Micheron’s point, however, isn’t only about terrorists’ AI-enabled information warfare. “Europe needs to realize what’s happening right now,” he told Le Point. In social media’s global hothouse, the jihadists aren’t only serving their own cause; they’re adding to the fodder available to Russia, Iran, and others who are stoking clashes on Gaza, Ukraine, and domestic conflicts in Europe in a far broader effort to delegitimize European democracies.
“(Europe’s) enemies aren’t content with carrying out cyberattacks; they’re engaged in a vast smear campaign. It’s become extremely difficult to make a strong European voice heard.” In Micheron’s view, it’s just the beginning. “(Thousands) of language models (programs enabling computers to understand human language) freely available on the Internet are capable of transforming any illiterate person into a gifted propagandist.”
Micheron, of course, isn’t the only one sounding the alarm about AI. Ostensibly angst-ridden, AI’s creators are wringing their hands. So are regulators, political leaders, and the commentariat. Deep fake calls purportedly from President Biden encouraging voters to stay home in the New Hampshire primary rang bells last month. Warnings about AI’s use in the presidential race are proliferating, as are similar fakes and anxieties from Slovakia and Indonesia to India where AI-spawned disinformation already has appeared this year.

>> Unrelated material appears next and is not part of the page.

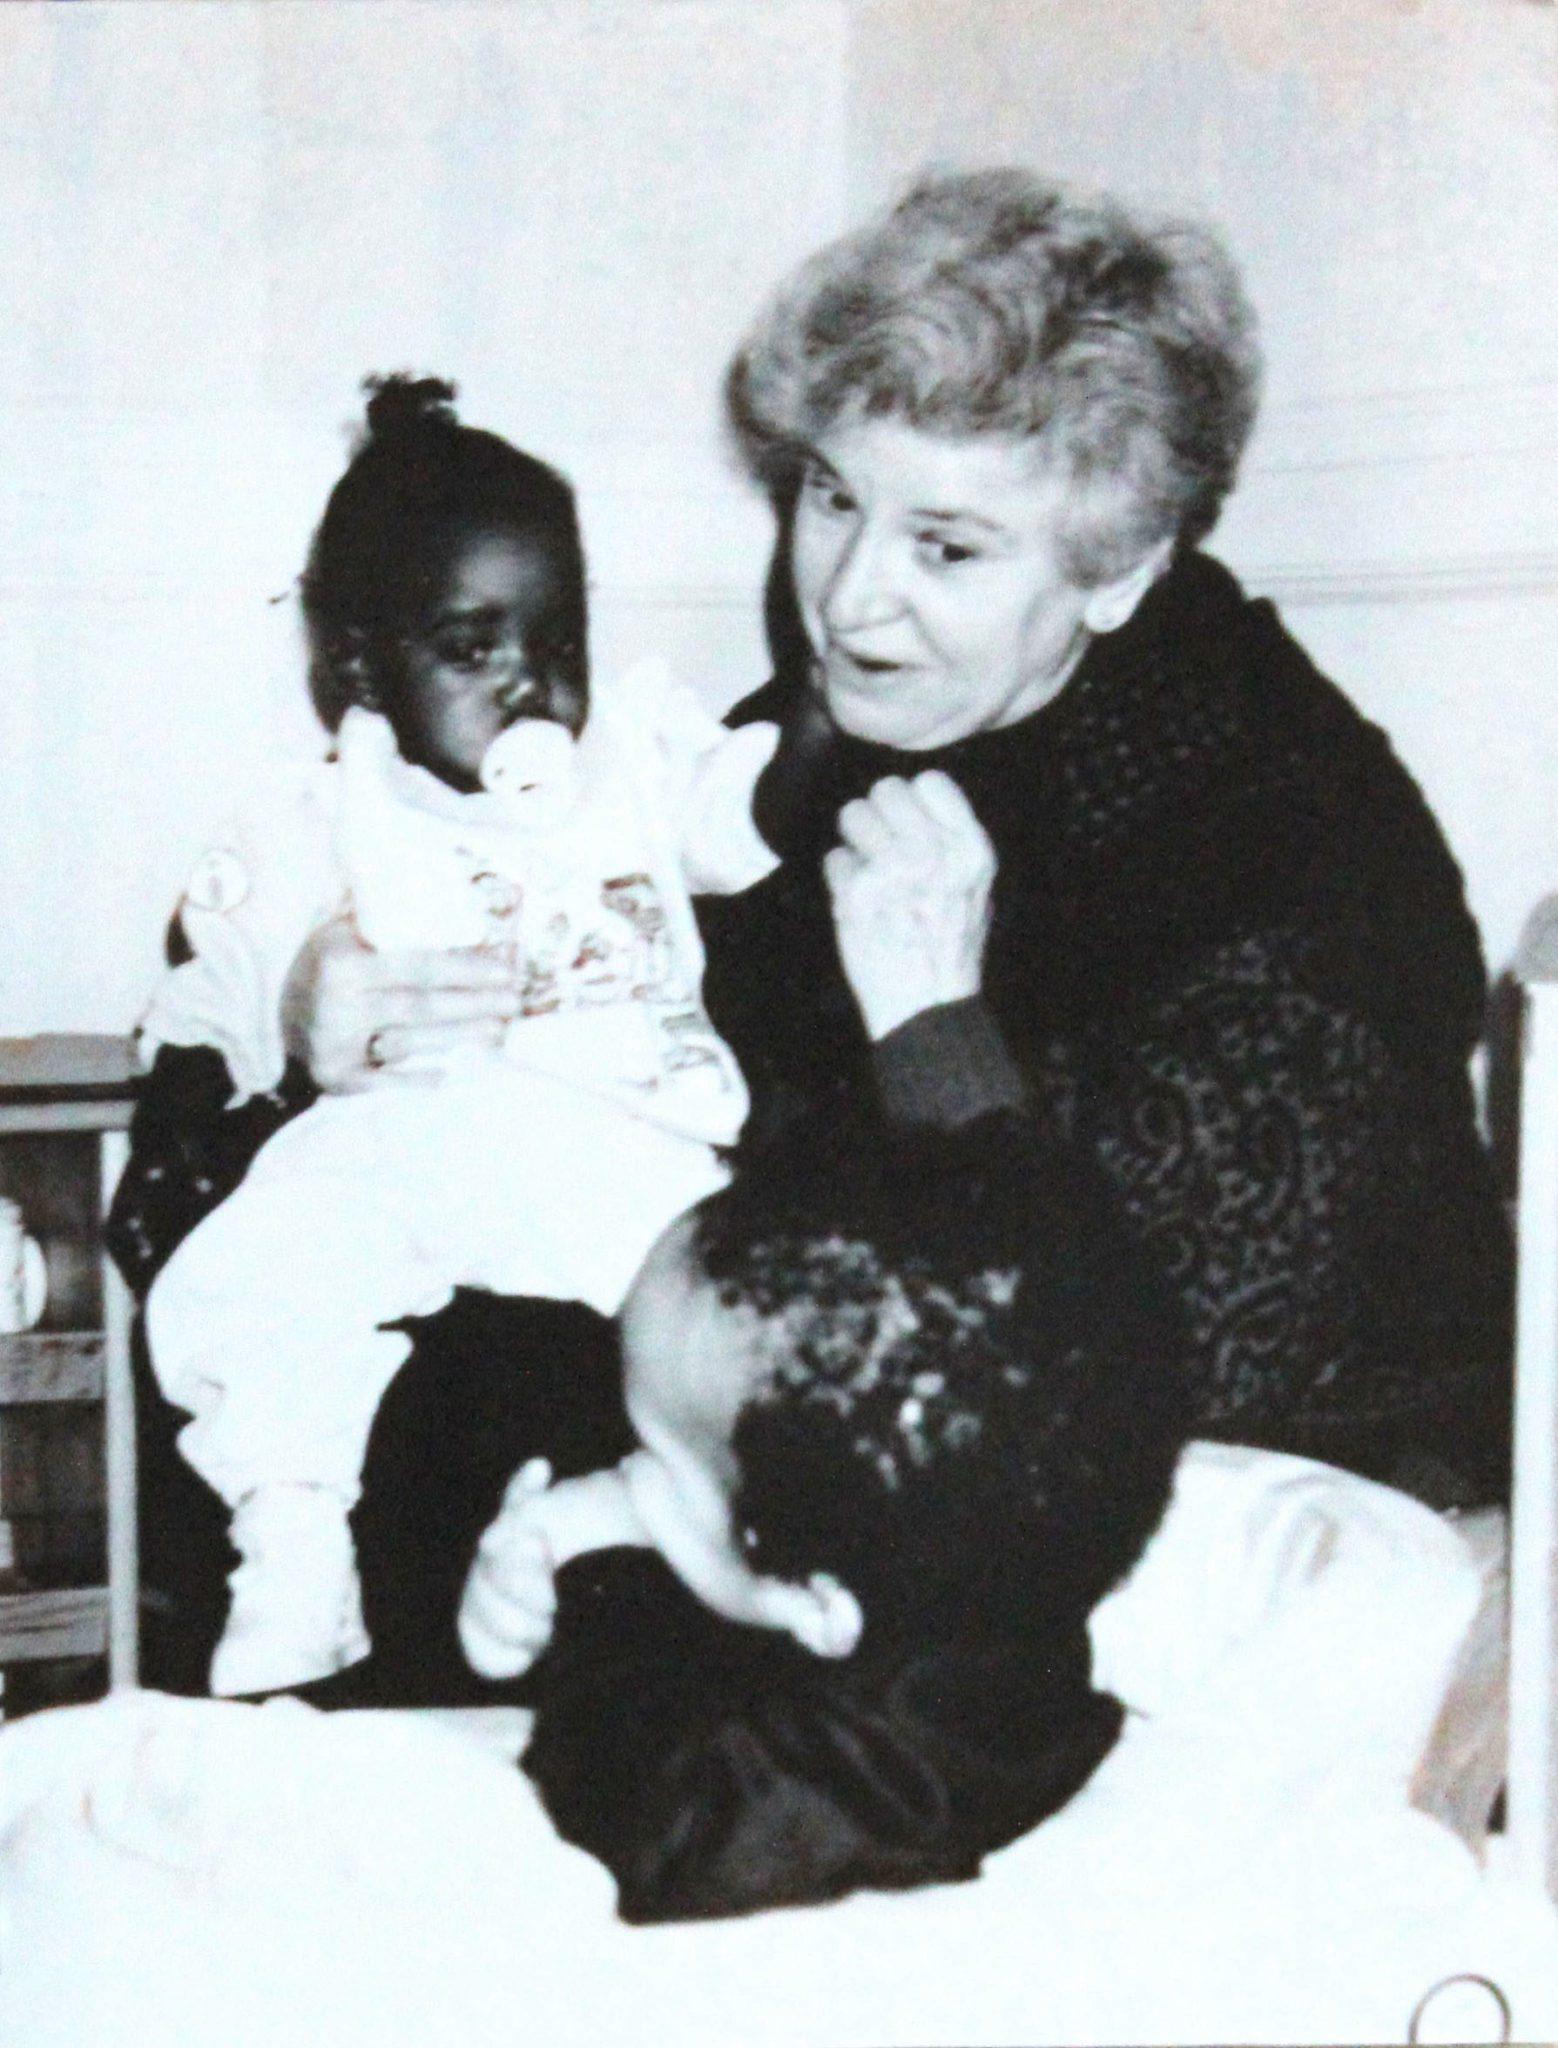 1989 – Incarnation Children's Center, NYC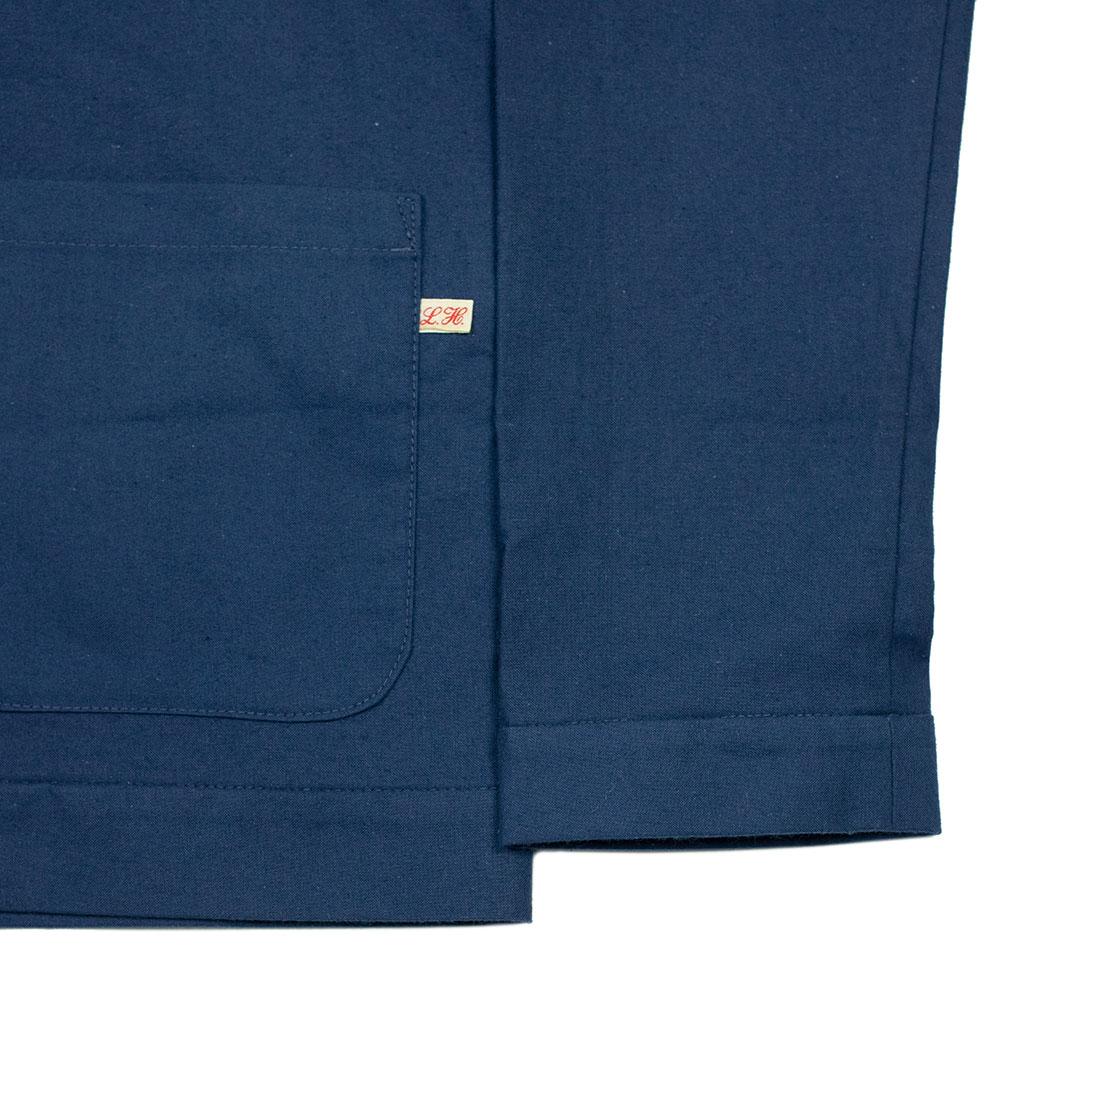 Frank Leder Spring Summer 2021 SS21 Made in Germany deadstock indigo dyed bed linen (1).jpg

Warnings are one thing, actions another. Unfortunately, the usual suspects are producing the usual results. The Federal Communications Commission and the Federal Election Commission are publishing prohibitions on various AI uses and putting rules in place. In Congress, the House has launched a task force to do “research.” And the tech giants, now racing to embed AI in their platforms while opposing bans on AI’s political use, have announced a pact to adopt, as they piously described, “reasonable precautions.”
If Silicon Valley’s billionnaires are worried about the threat to their bottom line from government diktats, they can sleep easy. Marinating in their own disinformation over stolen elections and the media’s anti-conservative bias, the Republicans are doing their election-year best to geld the Cybersecurity and Infrastructure Security Agency. The homeland security component reportedly has pulled back from its effort to marshal social media and state election officials to cope with the growing disinformation threat.
And the view from Europe? “Today,” Micheron told Le Point, “we are too content to regulate. We must learn to defend ourselves…. Europe plays acoustic music in the middle of the techno parade that is the information war. Europe may produce the most beautiful music, but no one hears it in the din.”
Substitute the United States for the name of the continent in Micheron’s metaphor and there’s no need to change a word.